In dem Spiel „Sea of Solitude“ ergründen wir das Auf und Ab der menschlichen Seele

Das Computerspiel des Berliner Entwicklerstudios Jo-Mei ist ein ständiger Wechsel zwischen Licht und Dunkelheit, zwischen Hoffnung und Verzweiflung. Hier stellen wir uns seelischen und zwischenmenschlichen Abgründen.

Von Robert Glashüttner

Es gibt wohl niemanden, der oder dem es immer gut geht. Selbstzweifel, Unsicherheiten und allgemein dunkle Stunden gehören zum Menschsein dazu, und man ist gut beraten, diese Tatsache zu akzeptieren und möglichst ehrlich und behutsam mit sich selbst zu sein.

Man nimmt sich Zeit, horcht in sich hinein und versucht herauszufinden, woran es hapert. Mit dieser Selbstsuche beschäftigt sich ein aktuelles, ungewöhnliches Computerspiel: „Sea of Solitude“, also quasi das Meer des Alleinseins. Im Unterschied zur unfreiwilligen loneliness kann solitude eine selbstgewählte Auszeit sein.

Surreale Wasserwelt

Kay, die Protagonistin im Spiel, fühlt sich isoliert, abgekanzelt von ihrem Umfeld und auch von sich selbst. Es muss sich etwas ändern. Die Frage ist nur: Wie? Bevor sie sich weiter Gedanken machen kann, wacht sie in einem kleinen Holzboot auf – weiterhin in Menschengestalt, nun aber als schwarz-zotteliges Monster mit roten Augen.

Außer auf das Boot kann sich Kay in dieser surrealen Wasserwelt auf wenig verlassen. Mal schippert sie wie im schönsten Venedig-Urlaub bei blauem Himmel durch eine pittoreske Landschaft, ein anderes Mal wird sie bei Wind und Wetter von fiesen, turmhohen Monstern beschimpft.

"Sea of Solitude": Das Monster-Mädchen vor einem Prachtbau.

EA / Jo-Mei

Erweckungserlebnisse

In „Sea of Solitude“ begegnen wir mit Kay aber nicht nur ihren inneren Dämonen, die sie verunsichern, sondern auch ihrem eigenen Fehlverhalten: Oberflächlichkeiten, Unaufmerksamkeiten und Ignoranz ihrer Familie gegenüber – vor allem in Bezug auf ihren kleinen Bruder, der in der Schule heftig gemobbt wurde. Ähnlich wie in „A Christmas Carol“ durchleben wir seine höchst schmerzhaften Erlebnisse, die durch unsere rechtzeitige Unterstützung zumindest gelindert hätten werden können.

„Sea of Solitude“ ist beim Games-Verlag EA im Rahmen der Reihe EA Originals erschienen.

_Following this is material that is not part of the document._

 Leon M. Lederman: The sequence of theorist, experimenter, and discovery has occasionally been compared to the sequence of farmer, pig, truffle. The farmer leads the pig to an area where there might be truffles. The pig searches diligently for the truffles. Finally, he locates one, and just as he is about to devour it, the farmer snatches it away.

Entwickelt wurde das Spiel vom Berliner Studio Jo-Mei unter der künstlerischen Leitung der Autorin und Firmengründerin Cornelia Geppert.

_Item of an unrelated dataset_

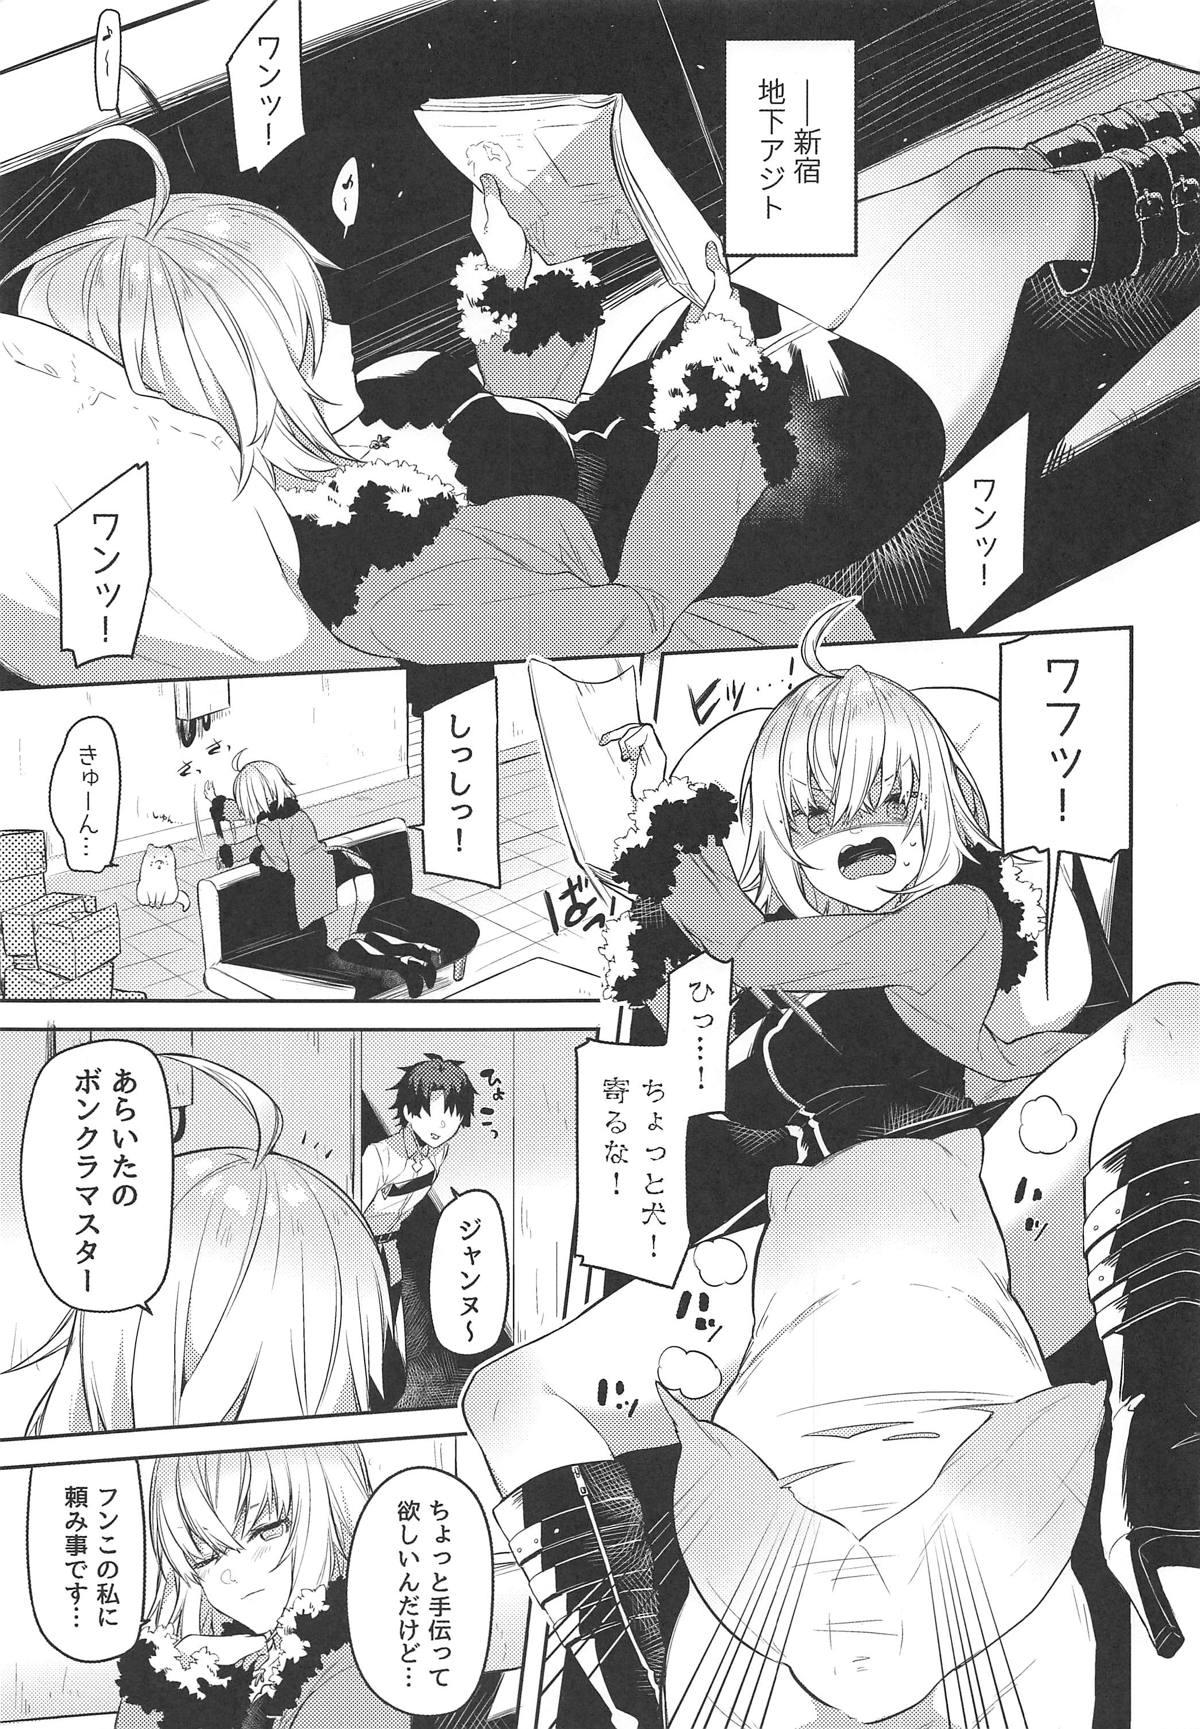 Pinoy Shinjuku Sneaking Mission - Fate grand order Weird - Page 2

Die Reise in die Psyche und die Erinnerungen von Kay, ihren Familienmitgliedern sowie ihrem Freund erleben wir in einer hübschen 3D-Landschaft. In dieser traumartigen Welt sind wir zwar nicht immer, aber immer wieder auf unserem treuen, kleinen Boot unterwegs. Der Wasserspiegel sinkt und steigt: Manchmal werden die Häuser fast komplett überflutet und wir kraxeln auf den Dächern herum, dann wieder können wir ganz normal über einen Markt laufen.

Ups and Downs

„Sea of Solitude“ ist eine eindringliche Reise in das seelische Auf und Ab. Es geht um Zuneigung, Rückzug, Familie, Selbstverwirklichung, Widerstand, Kampf und Versöhnung. Und um die Tatsache, dass es immer eine gute Balance braucht zwischen Selbstliebe und Solidarität bzw. Hilfeleistung.

"Sea of Solitude": Im Meer der Seltsamkeiten.

EA / Jo-Mei

Das Spiel legt einen klaren Fokus auf Erzählung, ist aber auch spielerisch kurzweilig: Wir suchen uns zwischen bösen Monstern den richtigen Weg und saugen dunkle Energie in unseren Rucksack ein. Ein Leuchtfeuer, das wir stets herbeirufen können, hilft uns bei der Navigation und im Kampf gegen die Dunkelheit. Zwischendurch sammeln wir Flaschenpost und lassen Möwen durch die Luft fliegen. „Sea of Solitude“ ist ein außergewöhnliches Spiel, das uns rund vier Stunden lang die Schwierigkeiten, aber auch die Größen der menschlichen Psyche ergründen lässt.